Matthew Barney’s “Drawing Restraint,” at the Serpentine

When in London a few weeks ago, I went to see the Drawing Restraint exhibition at the Serpentine Gallery. It was my first time at the Serpentine and I loved it. What a perfectly sized museum! This was a great show and a great, compact space for the material.

I am not a huge Barney fan and actually don’t know much about his work. Before this show I’d only seen one of his movies (and it wasn’t even from the famous Cremaster Cycle), which didn’t overly impress me. So I wasn’t expecting much. So I was kinda shocked to be blown away by this exhibition of such exquisitely wrought objects. But it was the drawings that really blew me away. I was fascinated by one drawing of the rock of Gibraltar, drawn from a ship’s deck. The lines on the paper were so evocative of movement, pressure, lightness, sea air and wind. I could feel him tracing, caressing the coastline. I found the visceral quality that many seem to attribute to his sculptures made of materials like vaseline and wood just as palpable here in the drawings.

Another element I really enjoyed, and which I didn’t know previously about Barney, is the athleticism. Throughout one of the galleries were a  series of drawings on the gallery wall made by Barney while holding onto rock-climbing holds high up on the wall.

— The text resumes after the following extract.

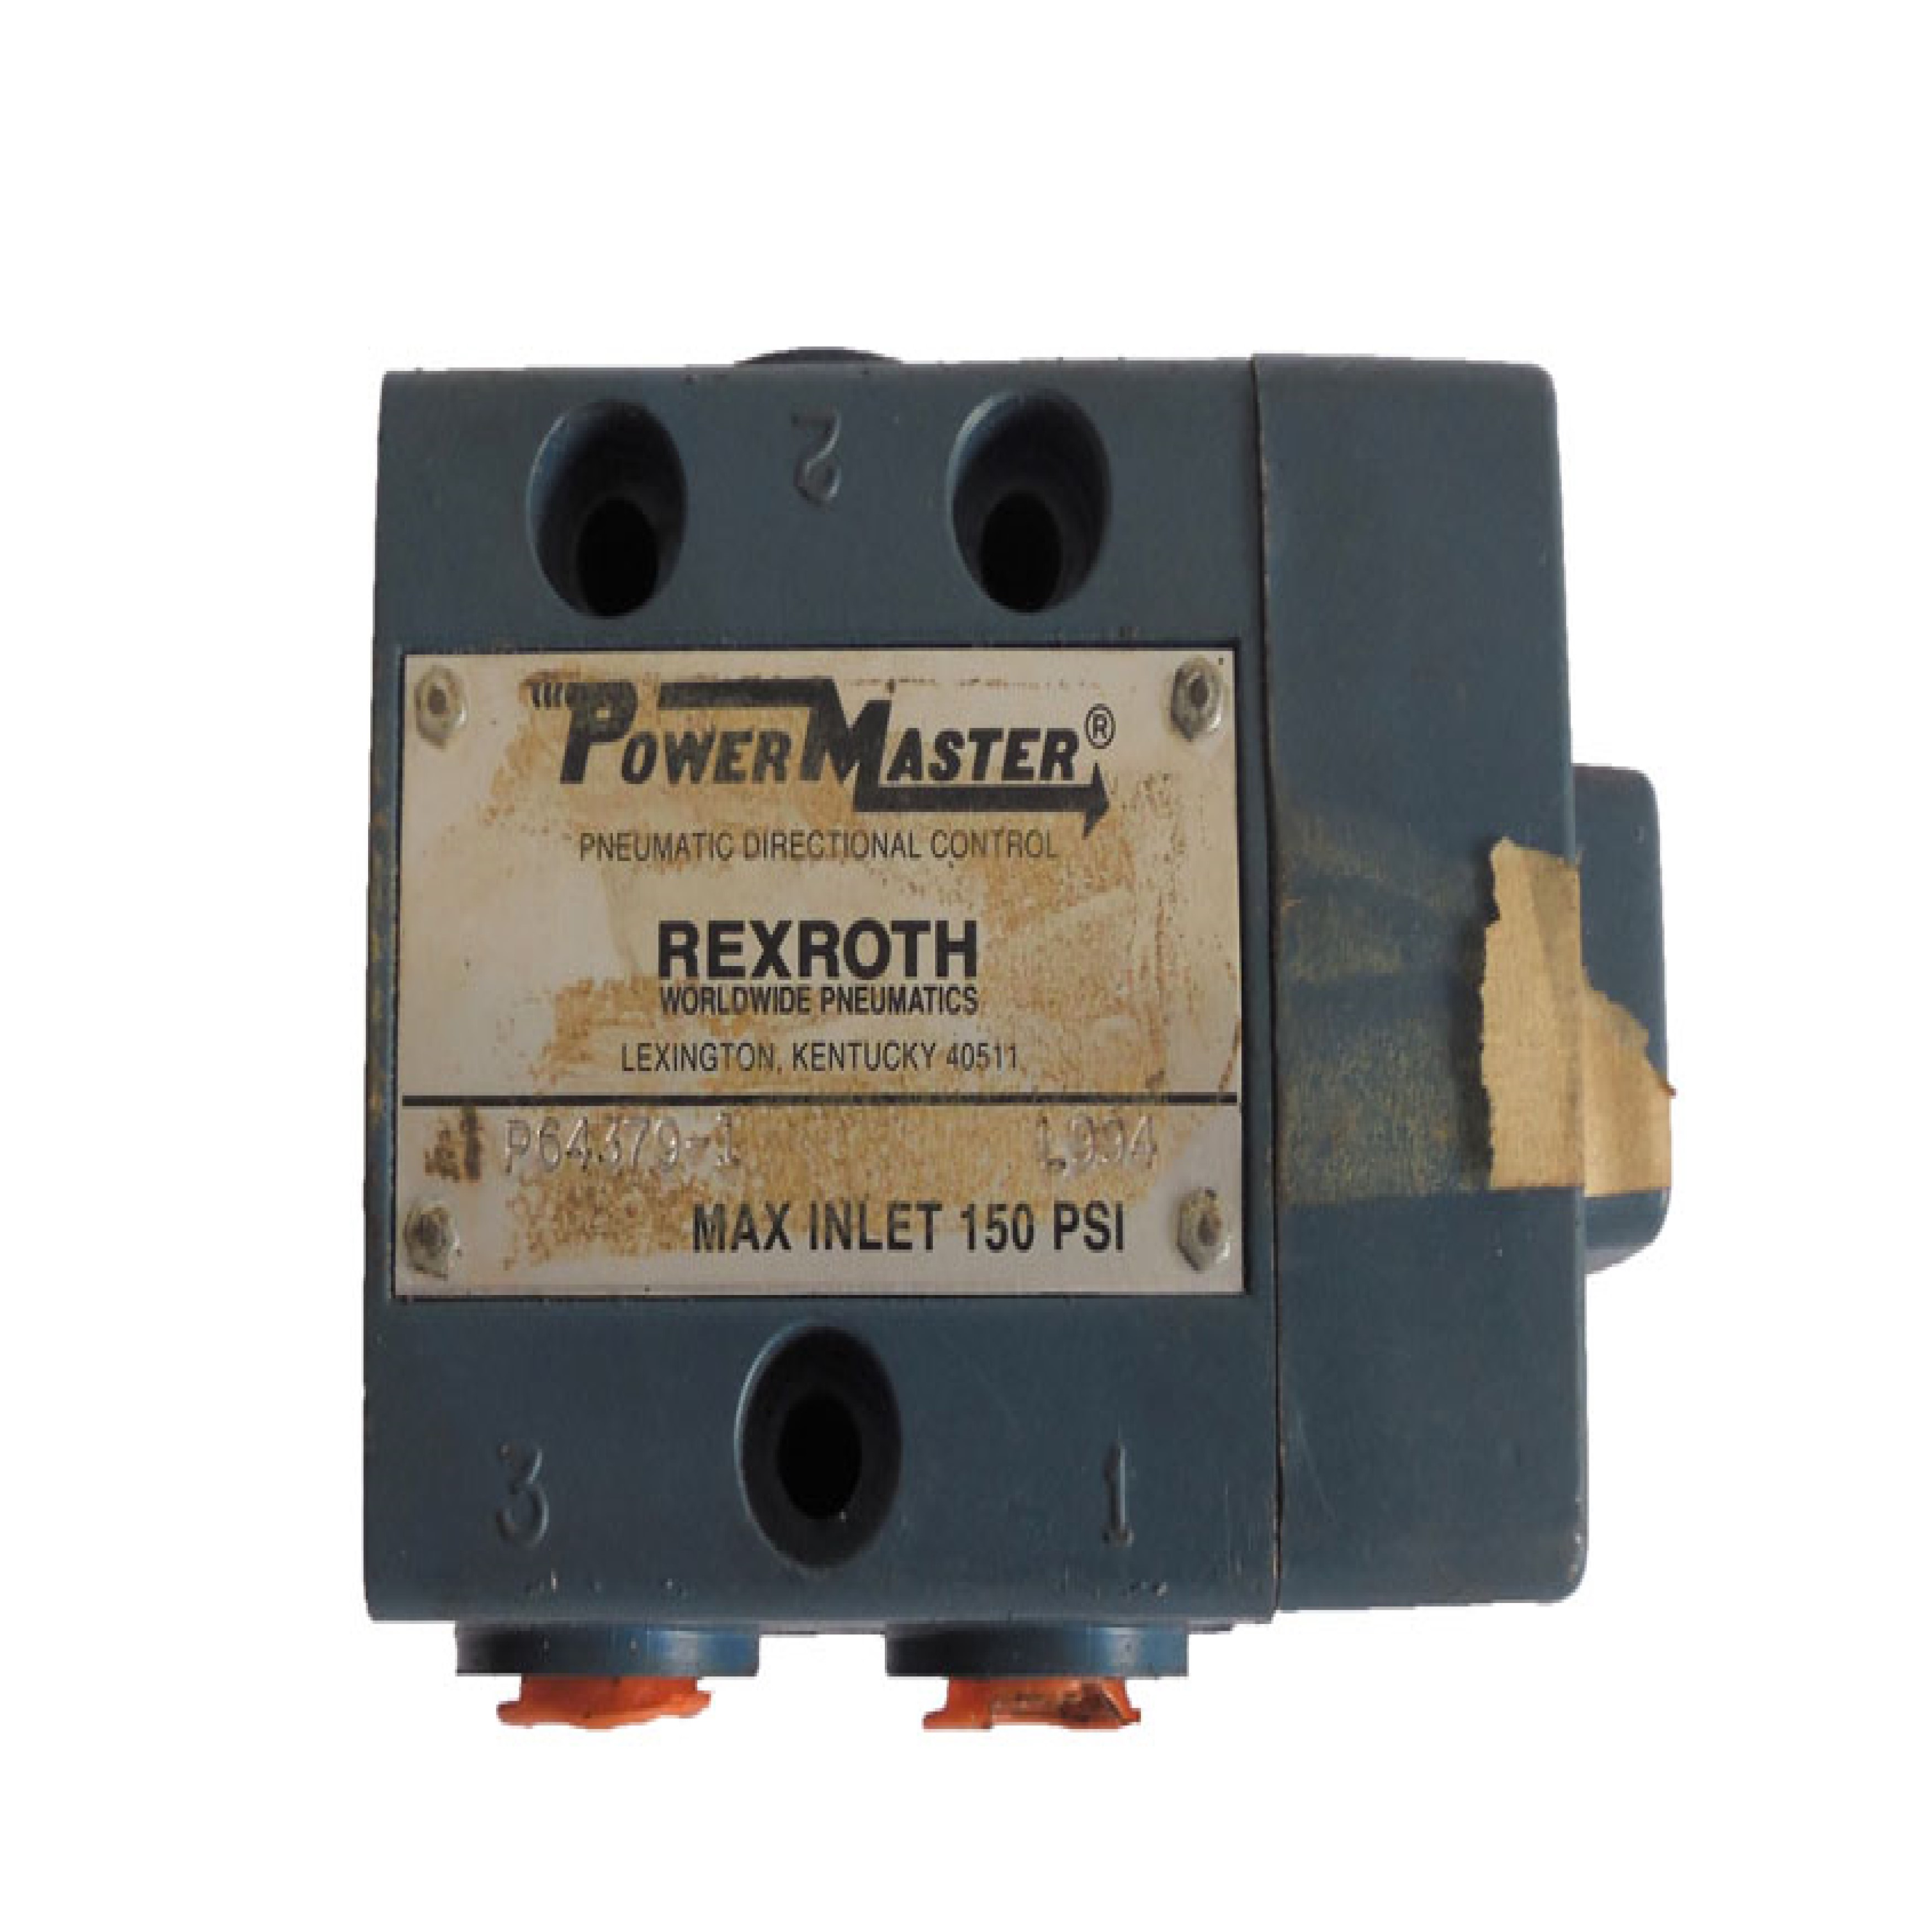 Rexroth  Power Master  P64379
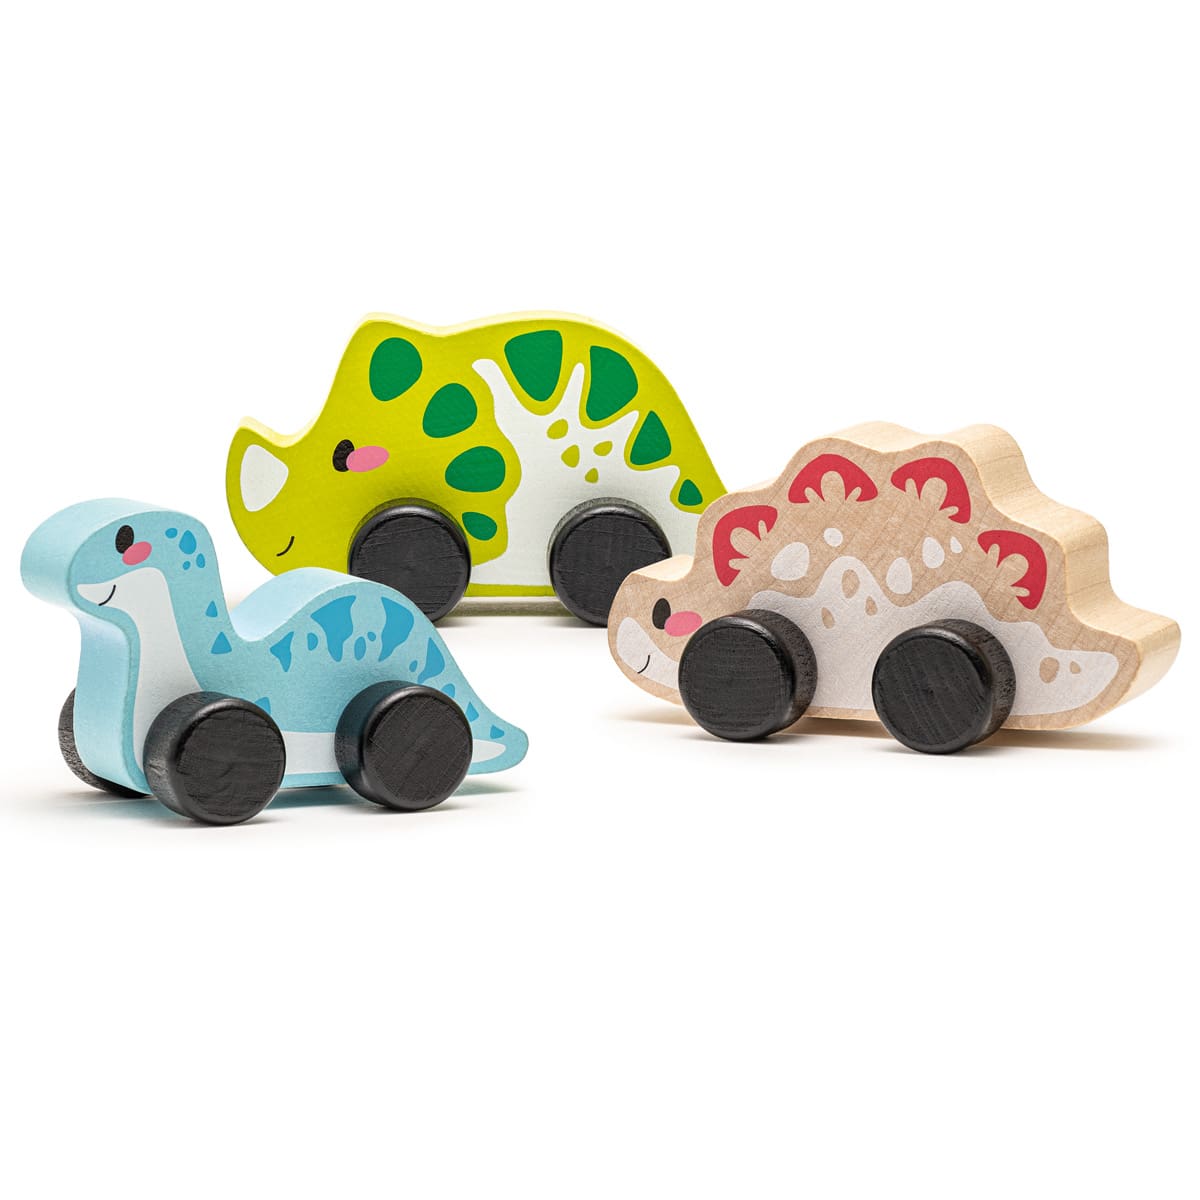 Wooden Dinosaurs on Wheels

The rock-climbing gym cum gallery: the holds were still there on the wall and I found myself staring at the grips, trying to flash the wall…figure out my route and mentally preparing myself to climb (oh I wish I could have!). Almost unwillingly, I stared at the holds and the corresponding shoe smudges on the wall, trying to re-trace the route Barney would have taken to climb up, brace himself with one arm, and reach out to draw on the wall a few feet away. It just brought the process to life for me. It was like I made a movie inside my head recreating the action that made these marks.